To determine whether DA emerged first or Xiao emerged first, we searched the two insertion junction sequences and internal sequences of each DA and Xiao copy against the recently released orangutan contig sequences and found that the orangutan genome has nearly all the Xiao copies but only the type I DAs (Fig. 3). This indicates that most Xiao copies appeared in the genome before the human–orangutan divergence, whereas the majority of DA copies (types II and III) emerged after the human-orangutan divergence ~14 Myr ago [25], consistent with a study finding HERV-H/HERV-E hybrids in the human and chimp genomes but not in the orangutan genome [30]. We searched the published chimeric sequences against the human genome and found that they all reside in the type II DA core, where a HERV-E inserted into a HERV-H (Figs. 2 and 3), but nowhere else.
These bioinformatics analysis results were confirmed by our polymerase chain reaction experiments (unpublished data) that examined the insertion junctions of each DA/Xiao copy as well as the internal chimeric fusion junctions of the DA core (Fig. 2) in the genomes of various primates, which will be reported in a separate manuscript in detail.

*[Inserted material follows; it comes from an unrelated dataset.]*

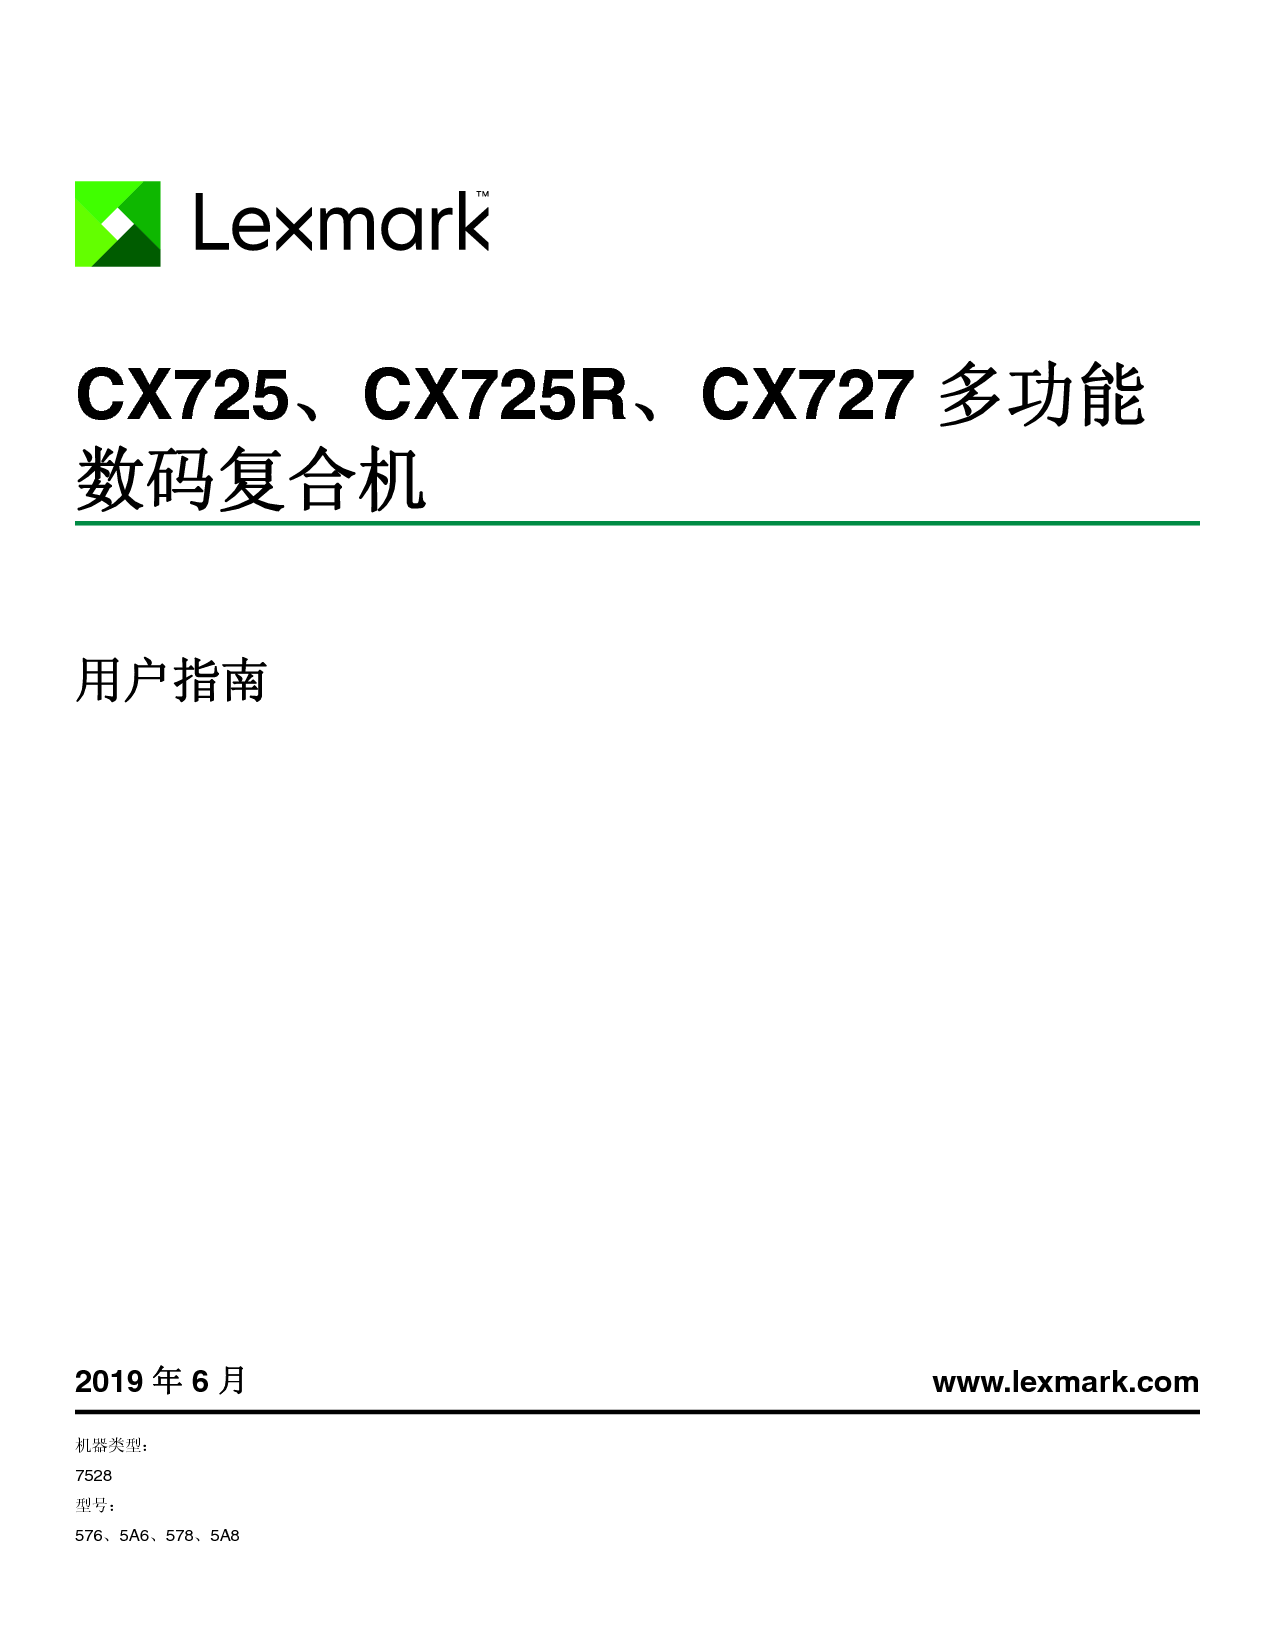 利盟 Lexmark CX725 用户指南 封面
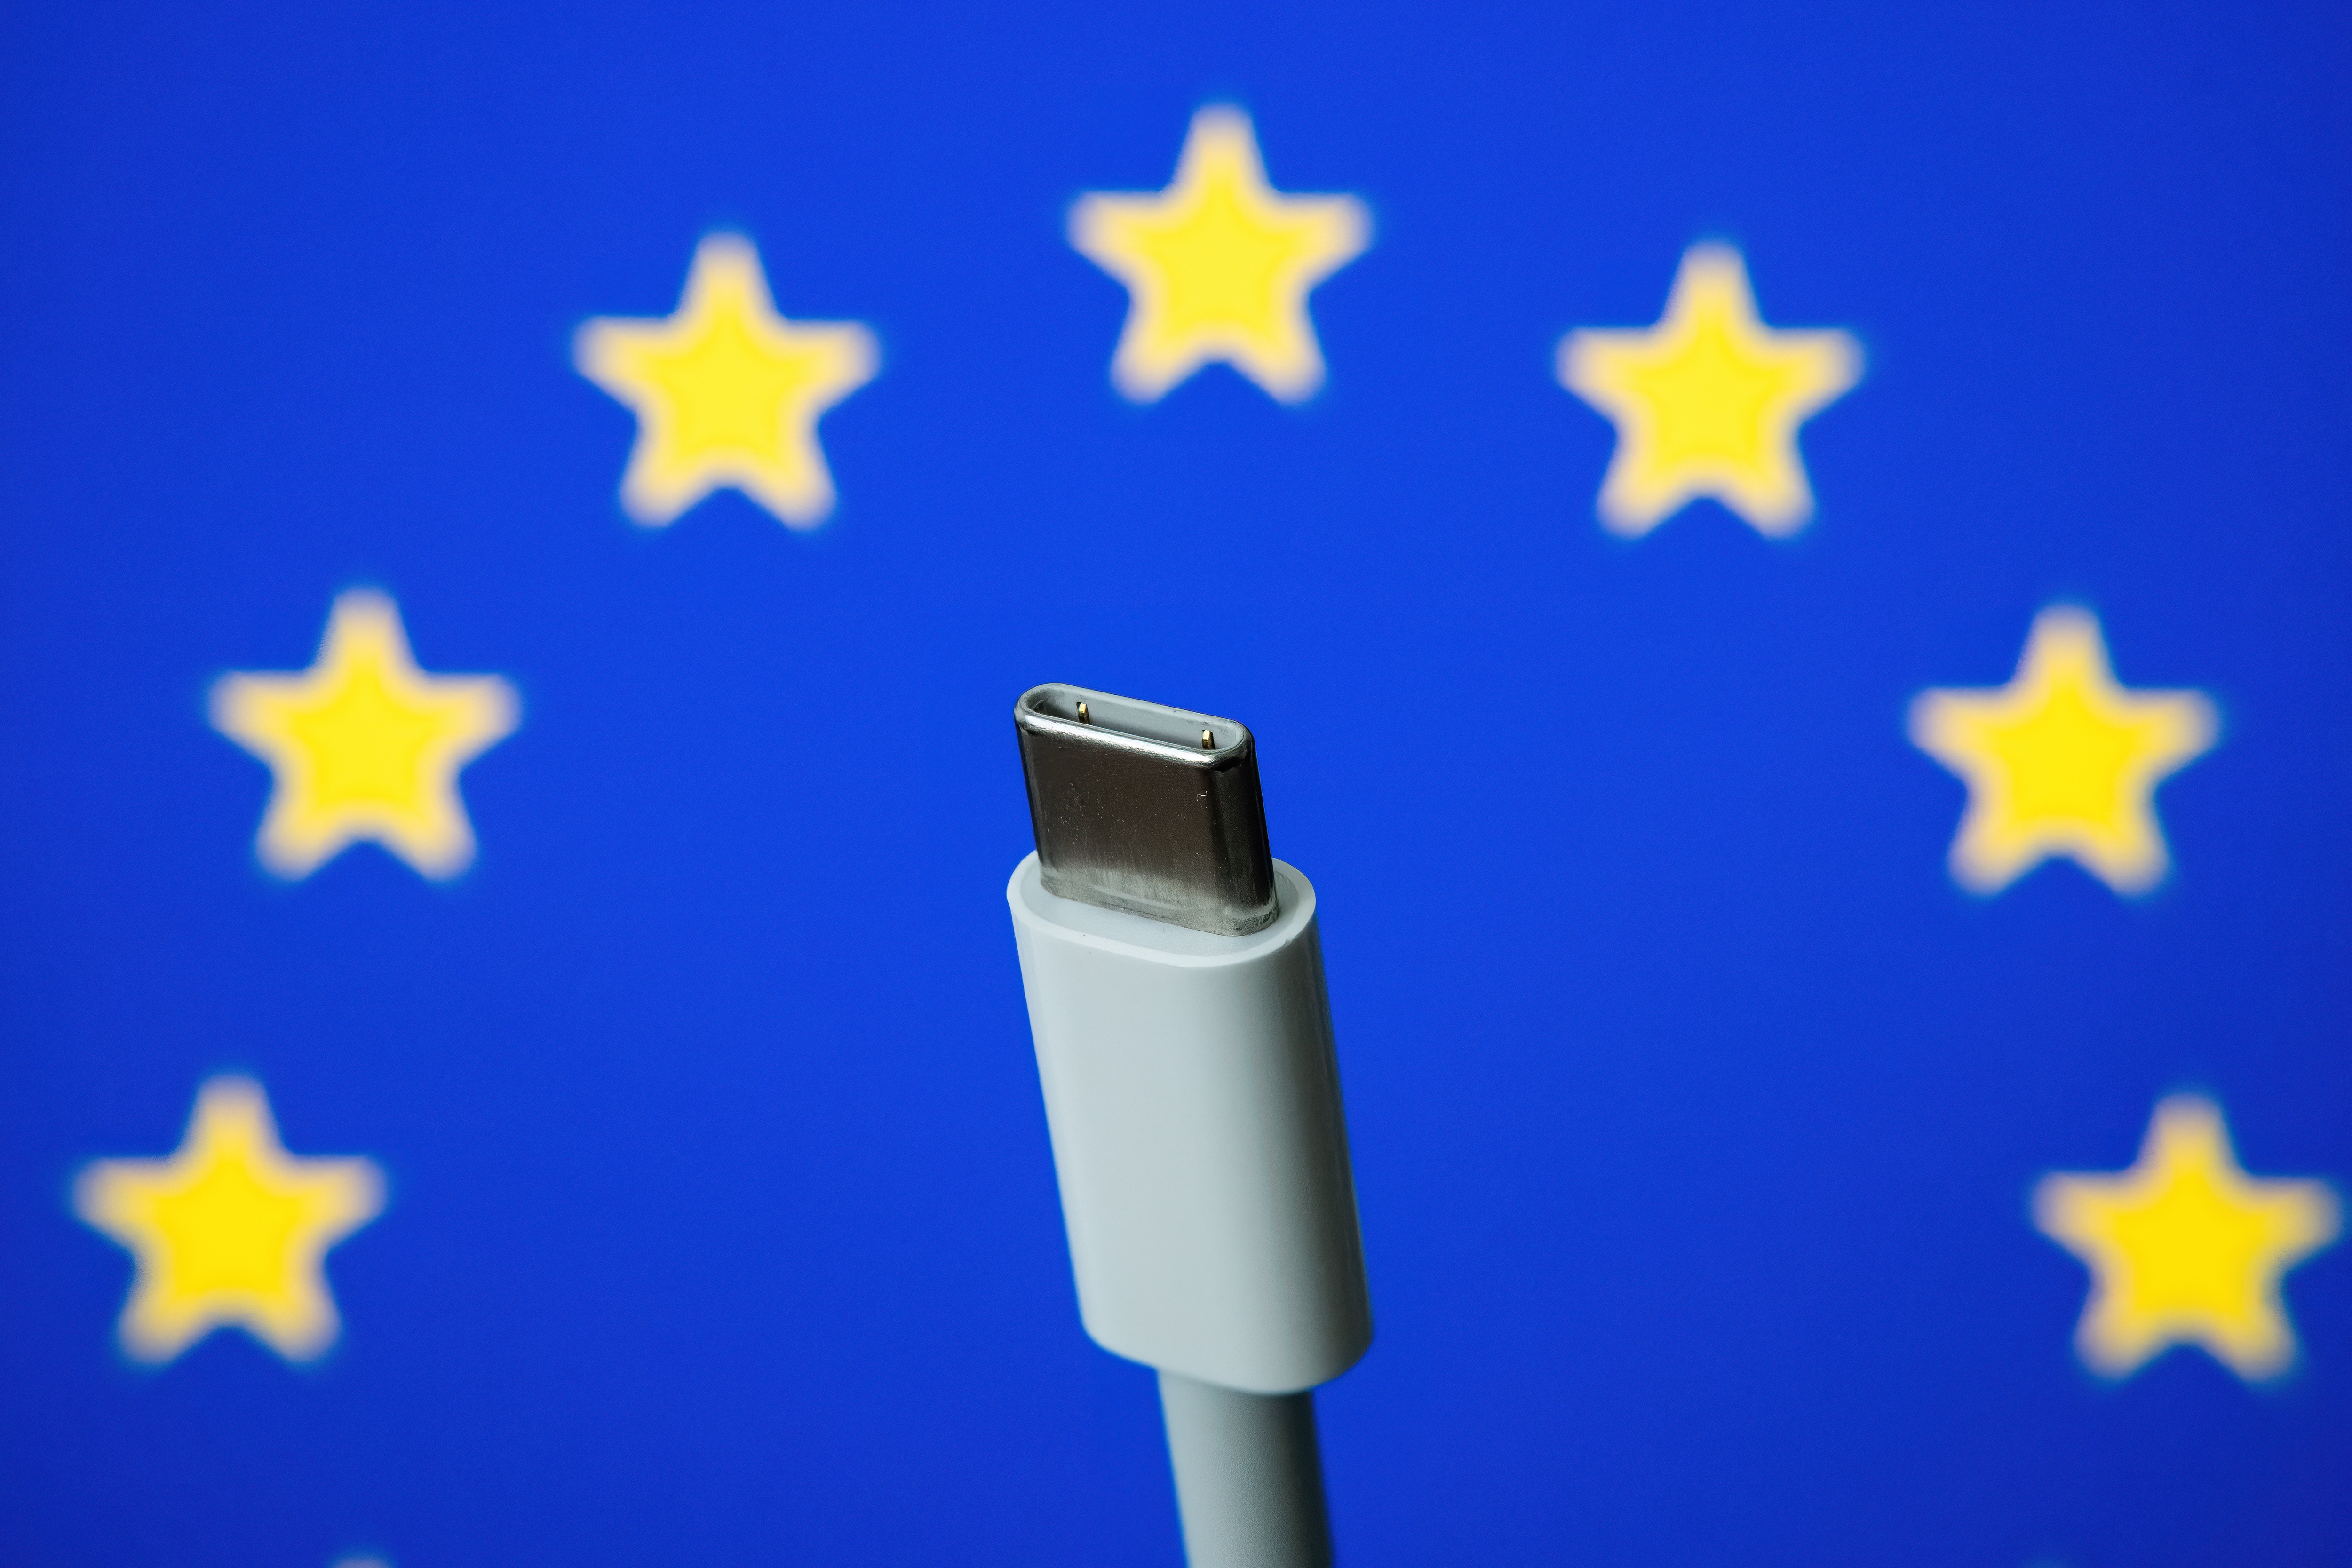     L'Union Européenne impose le chargeur USB-C pour tous les smartphones

Are DA and Xiao TEs? Target site duplication identification Satellites as target insertion sites
Because many DA and Xiao copies start and end with either SATR1 or SATR2 (often in the range of a few kilobases) (Fig. 2A), these satellite sequences seem to be the preferred insertion sites for DA and Xiao. Insertion into a satellite sequence has advantages, including a lower chance of disrupting gene-coding regions compared to other sites such as Alus. In addition, satellites can better tolerate length variation and thus better withstand insertion outcomes such as TSDs. Unlike other satellites, SATR1 and SATR2 are not concentrated near or within heterochromatic regions but rather are scattered over euchromatic areas. We identified a total of 182 SATR1, 40 SATR2, and 123 SATR1–SATR2 sites in the genome, of which 60, 12, and 83 are associated with DA/Xiao, respectively. For the remaining sites, we found that 93% of SATR1, 88% of SATR1–SATR2, and 82% of SATR2 are closely associated with TEs (within a distance of < 100 bp) (Supplemental Table s3 provides more detailed information regarding the distribution of SATR1 and SATR2 sequences in the genome); however, we do not understand the significance of such a relationship and do not know if transposition of these TEs has brought SATR1 and SATR2 sequences to these many genomic sites.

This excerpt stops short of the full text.